Tuesday 29 January 2019

RETRO REVEWING: Random trio - Sally Weiner Grotta, Sam Millar and Jason Starr

Another trio of random titles plucked from my seemingly never ending supply of reviews that have not been blogged! This first was an ebook. I joined Librarything primarily as a vehicle to post my reviews when I was just reviewing for Real Readers. Then I saw Librarything offered ARCs and in spite of my antipathy towards e-reading I was attracted to this book. Published in June 2013 it looks at prejudice.




This was an e-book from LibraryThing.
There are two aspects of this book that really stood out for me; one was the cinematographic descriptions.
Right from the start of the book I could see the landscapes and the people and the events unfold as if I were watching a film. And it made me think that I would love to see this story on the big screen. 
The second and dominant aspect was the book’s ability to challenge our preconceptions of what racism and prejudice is really all about. 
I’m not one for going down the spoilers route when I’m reviewing books so suffice to say the character who is the victim of prejudice and discrimination is also in possession of prejudice which dictates their thoughts and actions. The final dénouement, whilst never resolving the wider aspects of prejudice does show how an individual can confront their own bigotry and overcome it.
This is a deceptive book, you can get swept up in the narrative of the story and then the full impact and depth of the themes dealt with in the book really hit you.


It is well worth reading.


The second which hit the bookstands in September 2014 was a YA tale of kids taking matters into their own hands. 



This was a gripping tale that bounced along on a wave of adolescence angst and violence.

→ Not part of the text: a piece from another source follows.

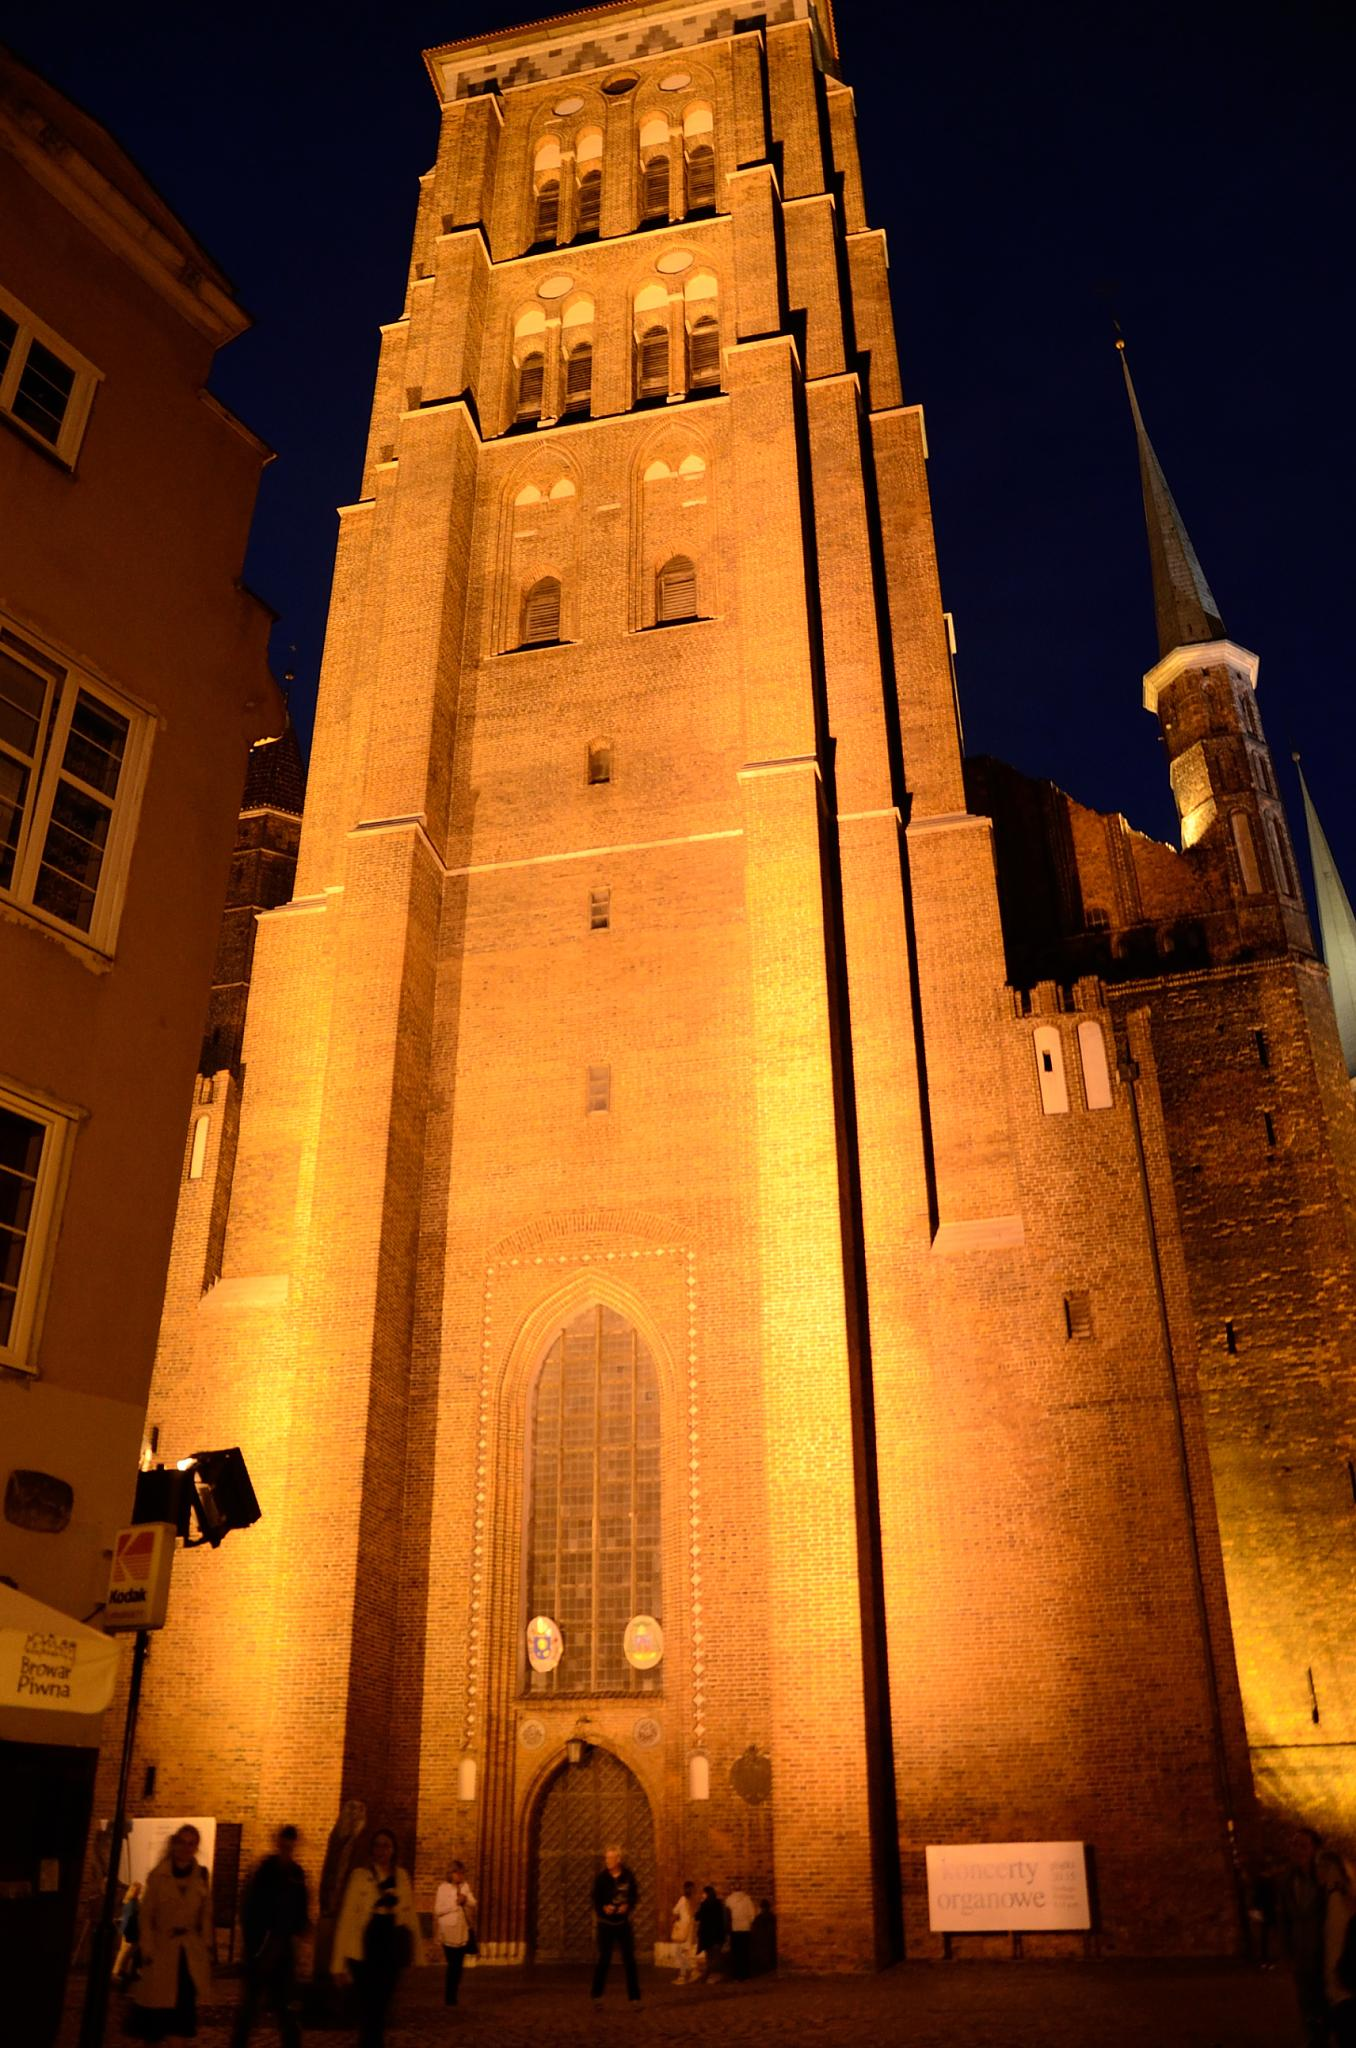 Gdańsk - the St. Mary's Basilica by habibi27

Atmospheric, full of suspense and revenge. It reminded me of other books I’d read. Craig Silvey’s Jasper Jones particularly the mother figure. I half expected Tommy to have to dig a hole in the garden when his mother’s wrath was working itself into a crescendo of suitable punishment. Lorenzo Carcaterra’s Sleepers, The Lovely Bones, or maybe it follows the fashion of having adolescent boys as narrators, The Perks of Being A Wallflower, Looking for Alaska. I felt, as they were characters I already knew but had become enmeshed in a new plot.
I am not a fan of violence. There are times when it is fundamental to the plot or the point the writer is trying to make. I did feel here that it was often gratuitous. And as such it was a joyless book in many respects.
However it was well constructed and well written, no real surprises in terms of the plot and the outcome. It is not an uncommon device to steer the reader into believing that one person is responsible for an action that was in fact perpetrated by someone else. 

But it is how you arrive there that separates a good writer from a bad. And this is the work of a good writer.

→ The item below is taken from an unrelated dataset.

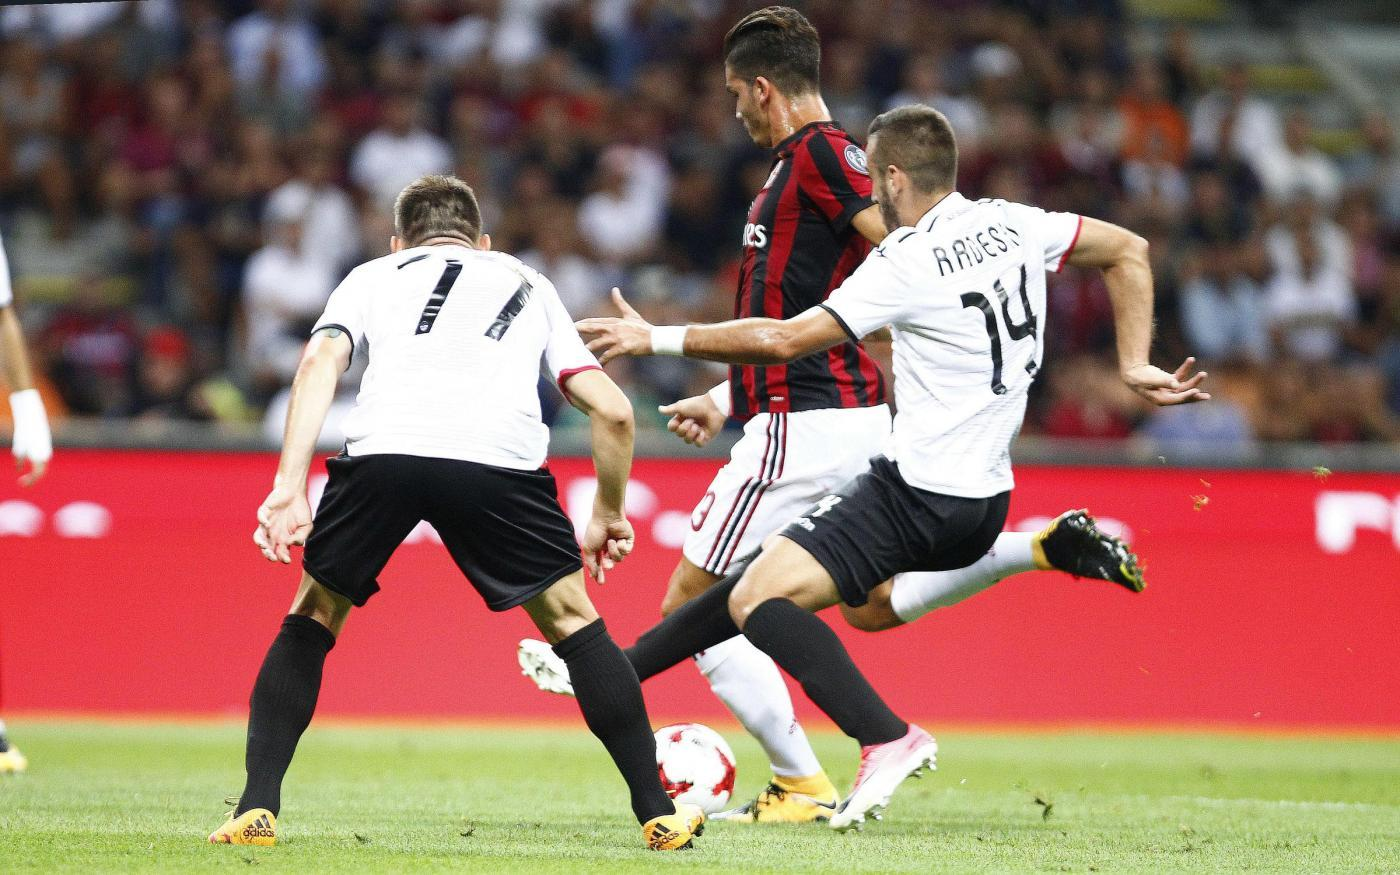 Europa League, Milan-Shkëndija 6-0

The final offering today is another book by Jason Starr, I should have put them both together in their own past. Too late!! Published in October 2015 Starr's uncomfortable fiction continued to draw me in.



Savage Lane makes Peyton Place seem like Toytown. This is a novel of obsession. Obsessive obsession even. And like Cold Caller there are no likeable characters in this story. Even the people whose behaviour is not reprehensible, and there aren’t many (!), are not inherently likeable. It’s very uneasy reading and yet you are carried along in a relentless current. You wonder how one group of people can all get it so badly wrong at the same time. Like Cold Caller there is what I would like to call that frustrating ‘essence of Highsmith’ where a single misplaced thought or action takes a character or characters down a very wrong road. and you are willing them not to do it, not to think that way, not to take that particular action, but they do, again and again. It’s a crime story and yet it isn’t. It’s the psychology of obsession and the destruction it wreaks on those involved whether they are choosing to be involved or not. Without the obsession there is no crime. American suburban life is not all that it seems.

To say this is an enjoyable book is hard but it does compel you to read on and on and on. I read this in a couple of days because I couldn't put it down. I read it in preference to doing other more pressing and important things because I couldn't put it down. It was almost as if I had become obsessed by the book. Mr. Starr must be some kind of conjuror!! But the overall feeling is one of being slightly unnerved by it all.